Последний, разумеется, ничего не знал об этих показаниях. Когда же Тухачевскому стало известно об аресте своего ближайшего помощника, он, по свидетельству очевидца, тихо произнес: «Какая-то грандиозная провокация». По некоторым данным, маршал по этому поводу даже писал Сталину. Но генсек не ответил.

Тухачевский отправился к новому месту службы. 26 мая он прибыл в Куйбышев, где располагался штаб Приволжского военного округа. Прямо с вокзала маршал направился на областную партийную конференцию, которая проходила в помещении местного театра. Там Тухачевский выступил с краткой речью. В перерыве маршала пригласили в обком партии.

В кабинете первого секретаря Тухачевский был арестован. Войдя туда по приглашению, он вышел под конвоем.

Трое суток спустя командующий Белорусским военным округом командарм 1-го ранга П. Уборевич получил из генштаба предписание срочно прибыть в Москву. В тот же день Иероним Уборевич прибыл по вызову. На Белорусском вокзале столицы его уже ждали представители Генштаба. Встреча ничем не отличалась от предыдущих: те же уставные армейские приветствия, крепкие рукопожатия, сообщение о том, что в Генштабе его ждут для решения неотложных — оперативных вопросов.

И только в машине командарм узнал, что арестован и что везут его не в Генштаб, а во Внутреннюю тюрьму НКВД на Лубянке.

Еще сутки спустя в кабинете командующего Киевским военным округом командарма И. Э. Якира раздался телефонный звонок правительственной связи. На проводе был маршал Ворошилов. После обычных вопросов об оперативной обстановке в округе нарком обороны сообщил, что на 1 июня назначено заседание Военного совета, и приказал прибыть. Якир ответил, что сегодня же вылетает самолетом. Но Ворошилов в категорической форме потребовал ехать железнодорожным транспортом. Такого не бывало никогда. Личный самолет командующего округом для того и существовал, чтобы обеспечить максимально быструю связь, и прежде всего с Москвой. Требование наркома никак не укладывалось в сложившийся порядок общения. Это был явный знак опасности. Но у Якира не было выбора. В тот же день он вместе с адъютантом выехал в Москву.

Ночью поезд остановился в Брянске. В вагон поднялись четверо в штатском, быстро прошли в купе и предложили командарму следовать за ними. Якир потребовал предъявить ордер на арест, что и было сделано. Тогда командарм попросил адъютанта сообщить семье о случившемся и твердой походкой направился к выходу. В Москву Иону Якира повезли на автомобиле. Выяснять причины ареста у молчаливой охраны было бесполезно. Поэтому молчал и командарм, обдумывая ситуацию. На предельной скорости машина быстро доставила арестованного на Лубянку. Здесь с него тут же сорвали ордена и знаки отличия. Якир потребовал встречи с Ворошиловым. Ему отказали. Со Сталиным — тем более. Написал письмо в Политбюро. Никакого ответа.
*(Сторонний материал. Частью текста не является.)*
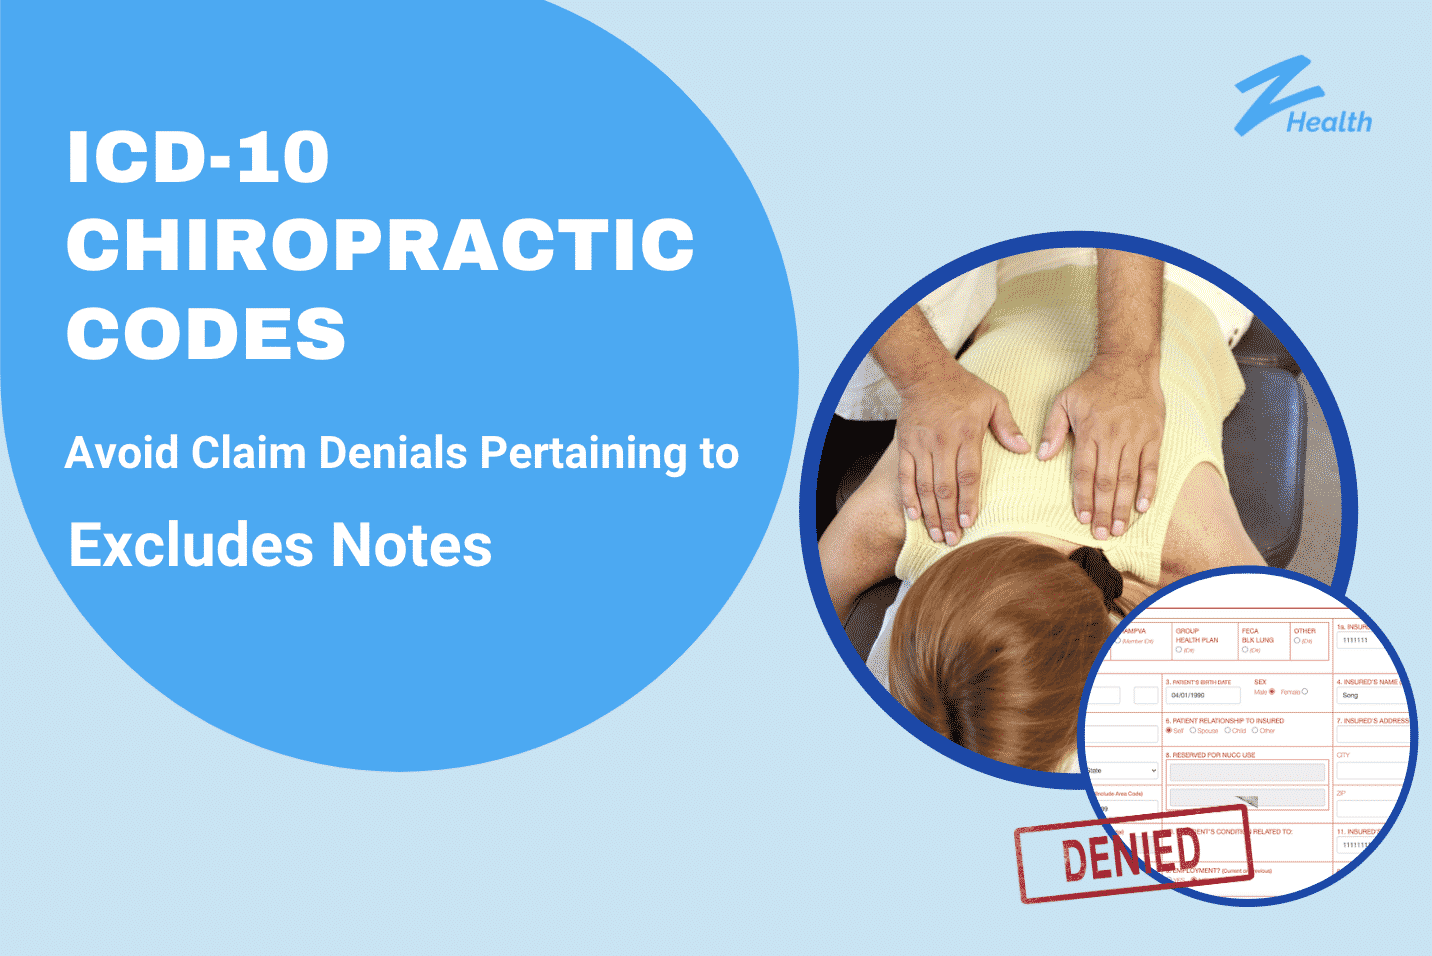 ICD-10 Chiropractic Codes: Avoid Claim Denials

Тогда арестованный написал личное послание генсеку:

«…Вся моя сознательная жизнь прошла в самоотверженной, честной работе на виду партии и ее руководителей… Я честен каждым своим словом, я умру со словами любви к вам, к партии и стране, с безграничной верой в победу коммунизма». На письме Сталин оставил пометку: «Подлец и проститутка».

Под этим подписались Ворошилов, Молотов, Каганович.

Судьба Якира была решена.

И хотя арестованный, конечно же, не видел этой зловещей пометки на своем послании, он все понял.
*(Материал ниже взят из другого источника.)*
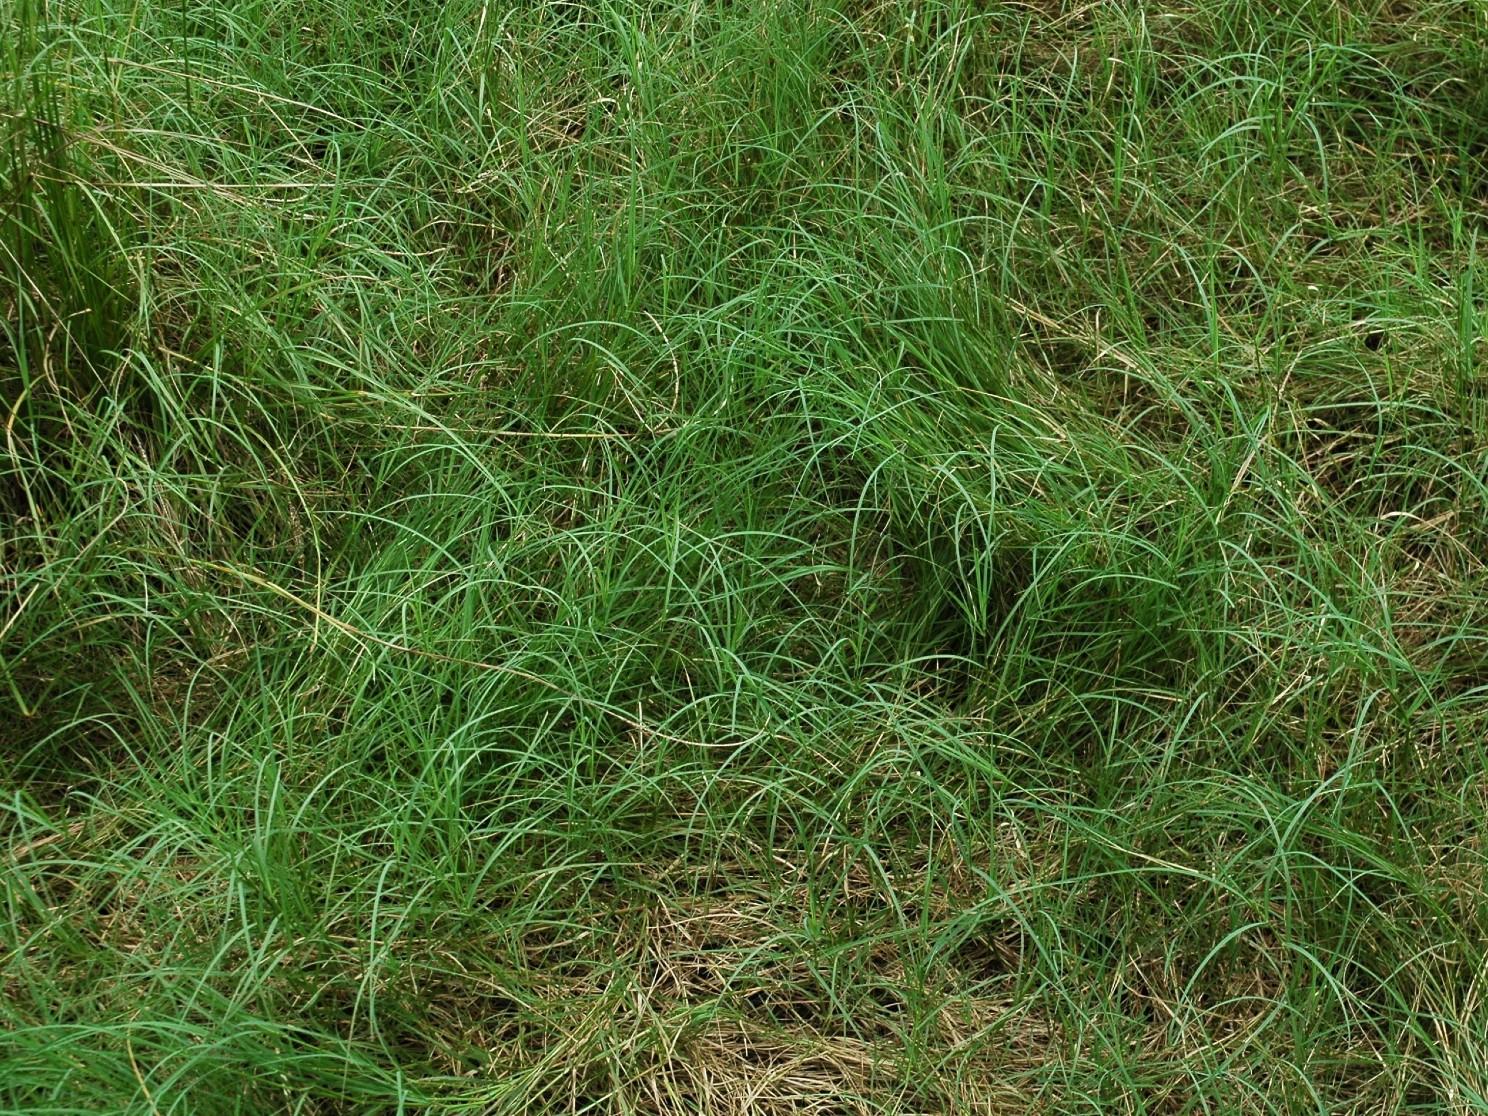 area full of bermudagrass weeds

И быть может, поэтому следующее его письмо было уже не о себе. С ним было покончено. Но оставались близкие.

«К. Е. Ворошилову. В память многолетней в прошлом честной работы моей в Красной Армии я прошу Вас поручить посмотреть за моей семьей и помочь ей, беспомощной и ни в чем не повинной. С такой же просьбой я обратился и к Н. И. Ежову. Якир, 9 июня 1937 г.». На этом письме пометка: «Сомневаюсь в честности бесчестного человека вообще. К. Ворошилов. 10 июня 1937 года».